Predictors of LV LGE
Athletes with LGE were not significantly older (31 [17–50] years versus 23 [16–39] years, P=0.06) and were significantly more often males (25 [89%] versus 158 [71%], P=0.04) than those without. The prevalence of athletes reporting symptoms was similar between those with and without LGE (7 [25%] versus 61 [27%], P=0.79) (Table 1).

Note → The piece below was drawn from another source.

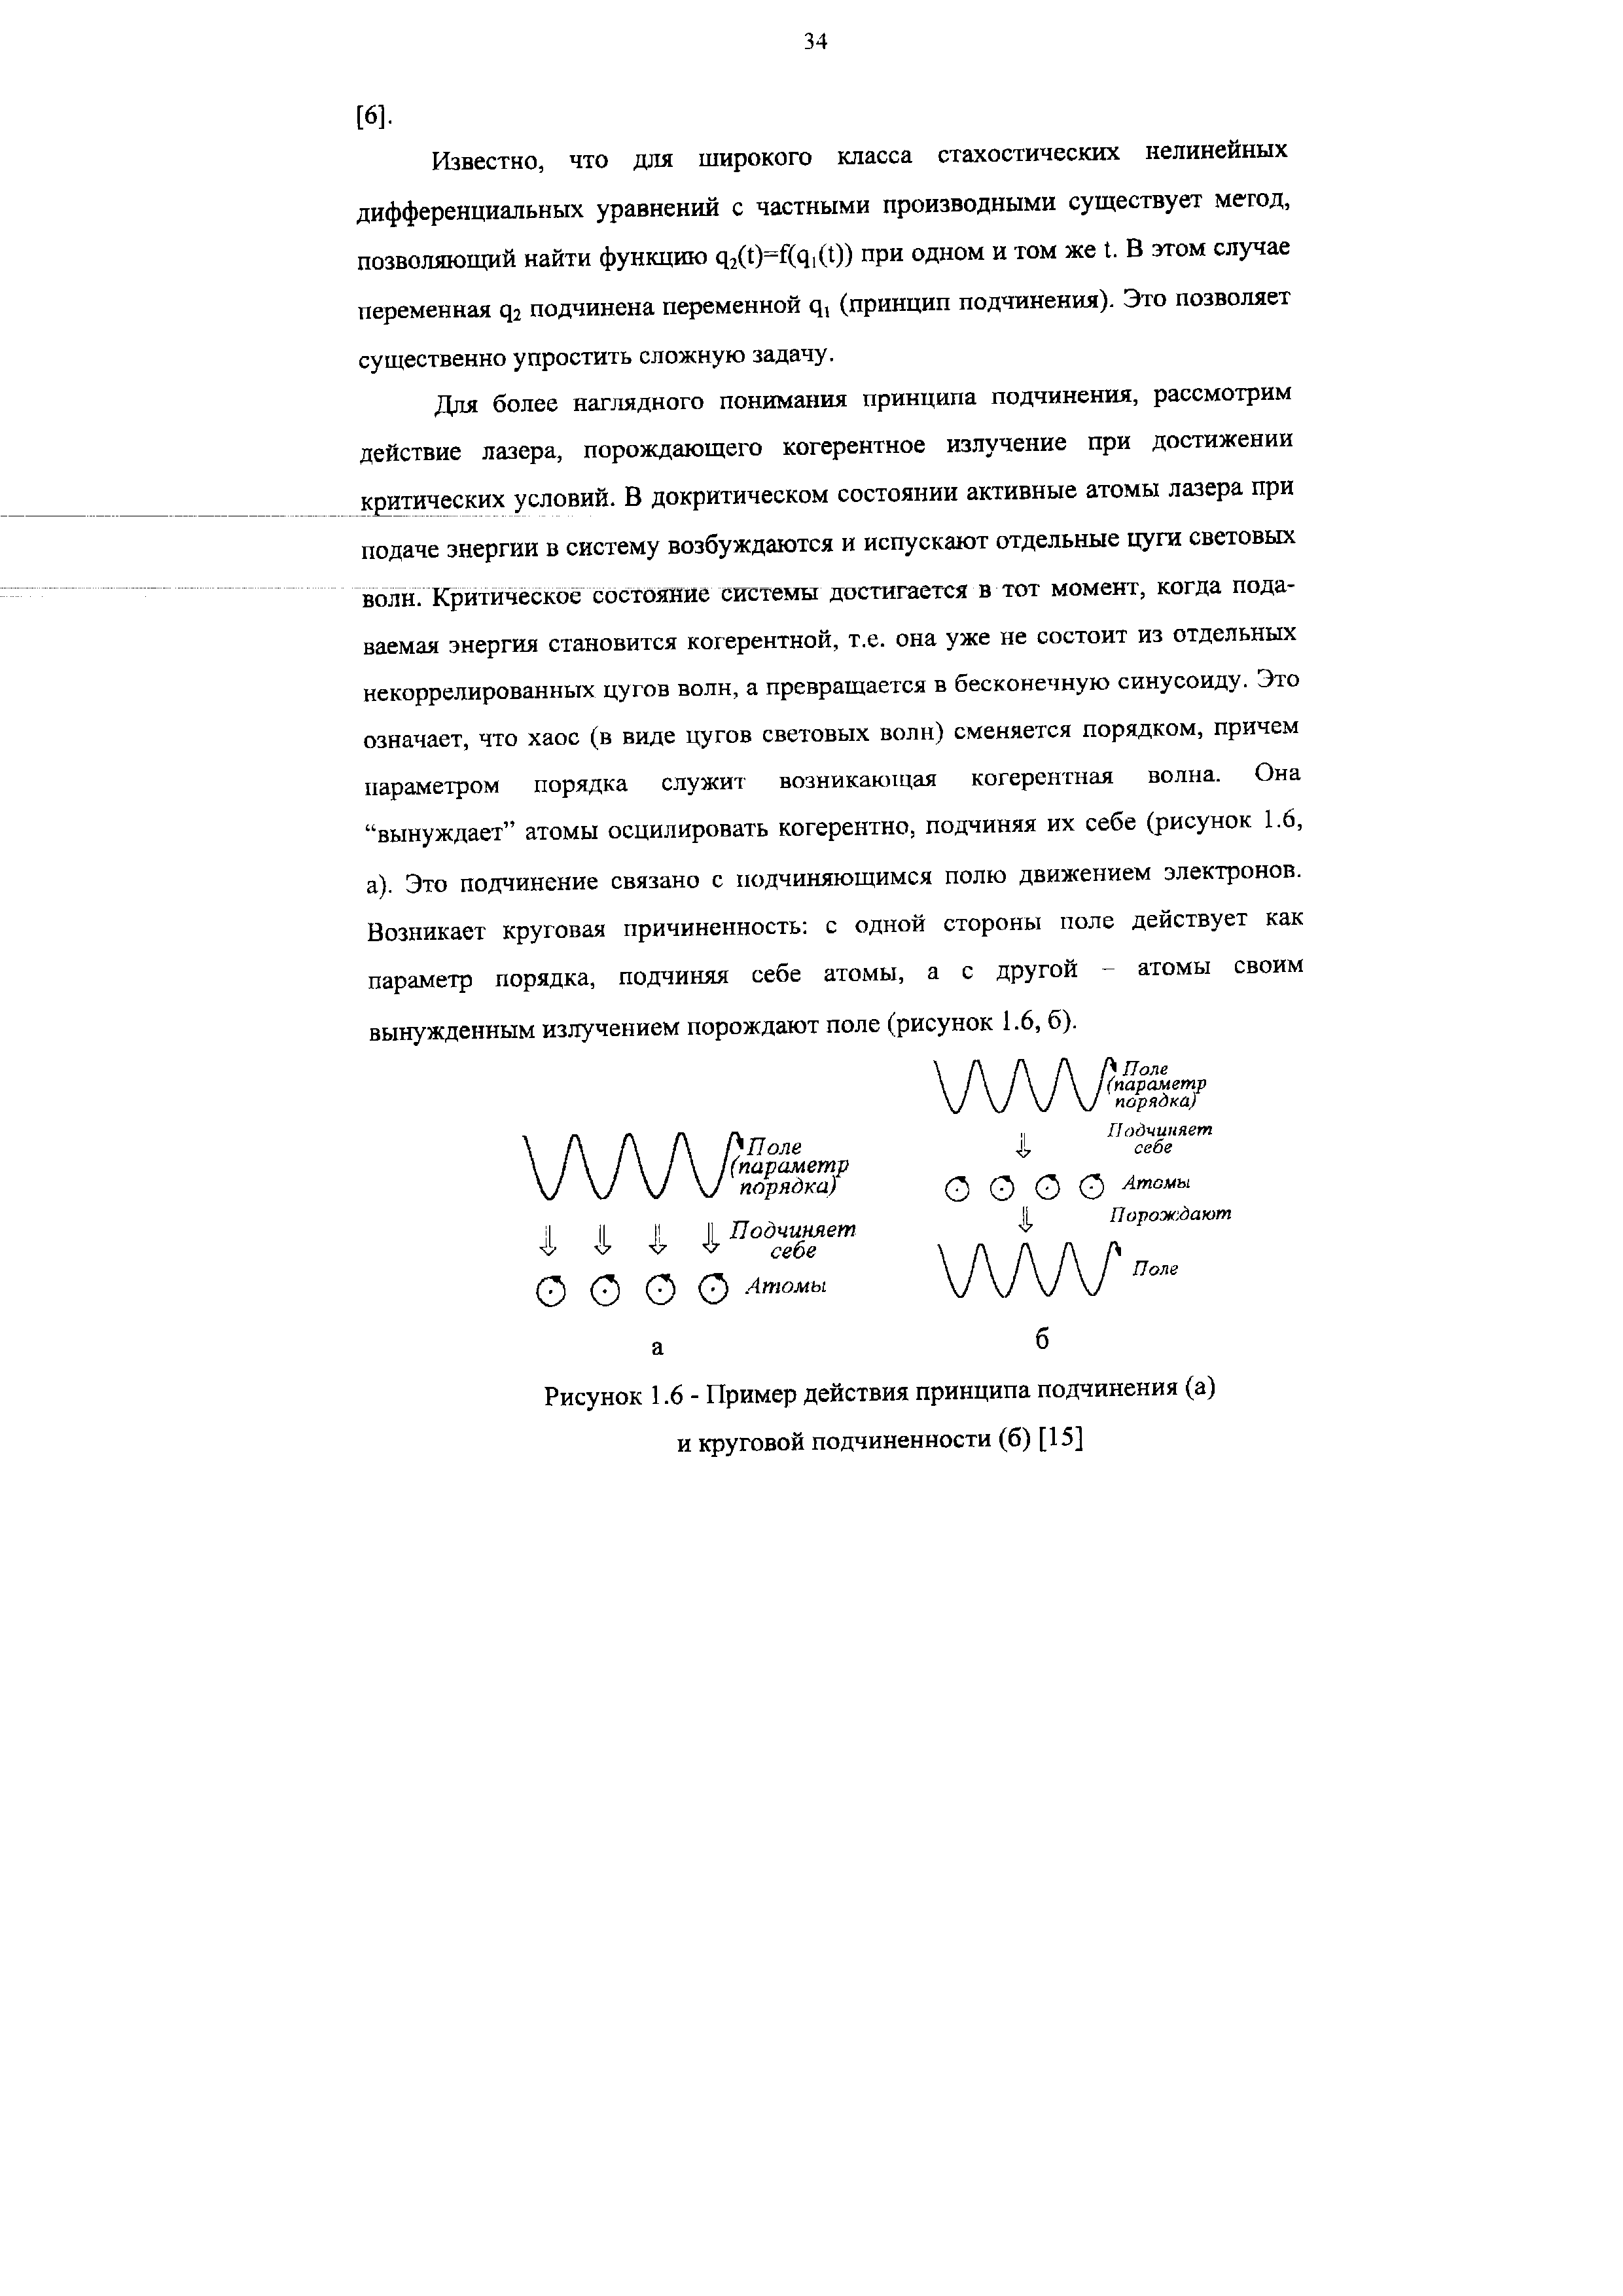 Рисунок 1.6 - Пример действия принципа подчинения (а) и круговой подчиненности (б) [15]

Ventricular arrhythmia characteristics on 12‐lead 24‐hour ECG monitoring and exercise testing in patients with and without positive CMR are shown in Table 3.
Table 3.
Ventricular Arrhythmia Characteristics at 12‐Lead 24‐Hour ECG Monitoring and Exercise Testing in Patients With and Without Positive CMR
| LV LGE + (n=28) | LV LGE − (n=223) | P Value | |
|---|---|---|---|
| 12‐lead 24‐h ECG monitoring | |||
| PVBs morphology | <0.001 | ||
| LBBB/inferior axis, n (%) | 0 | 92 (41) | |
| LBBB/intermediate or superior axis, n (%) | 2 (7) | 36 (16) | |
| RBBB/narrow QRS (fascicular), n (%) | 0 | 9 (4) | |
| RBBB/inferior axis, n (%) | 1 (4) | 28 (13) | |
| RBBB/intermediate or superior axis, n (%) | 7 (25) | 34 (15) | |
| Polymorphic, n (%) | 18 (64) | 24 (11) | |
| PVBs number* | 596 (50–1625) | 3858 (372–12 200) | <0.001 |
| Couplets, n (%) | 21 (75) | 123 (55) | 0.025 |
| Nonsustained VT, n (%) | 12 (43) | 71 (32) | 0.34 |
| Exercise testing | |||
| Reduction/disappearance, n (%) | 13 (46) | 176 (79) | <0.001 |
| Persistence/appearance of isolated PVBs, n (%) | 4 (14) | 19 (9) | 0.302 |
| Persistence/appearance of couplets, n (%) | 3 (11) | 11 (5) | 0.195 |
| Exercise‐induced nonsustained VT, n (%) | 8 (29) | 17 (8) | 0.002 |
| Exercise‐induced polymorphic VT, n (%) | 6 (21) | 3 (1) | <0.001 |
CMR indicates cardiac magnetic resonance; LBBB left bundle‐branch block; LGE, late gadolinium enhancement; LV, left ventricle; PVB, premature ventricular beat; RBBB, right bundle‐branch block; and VT, ventricular tachycardia.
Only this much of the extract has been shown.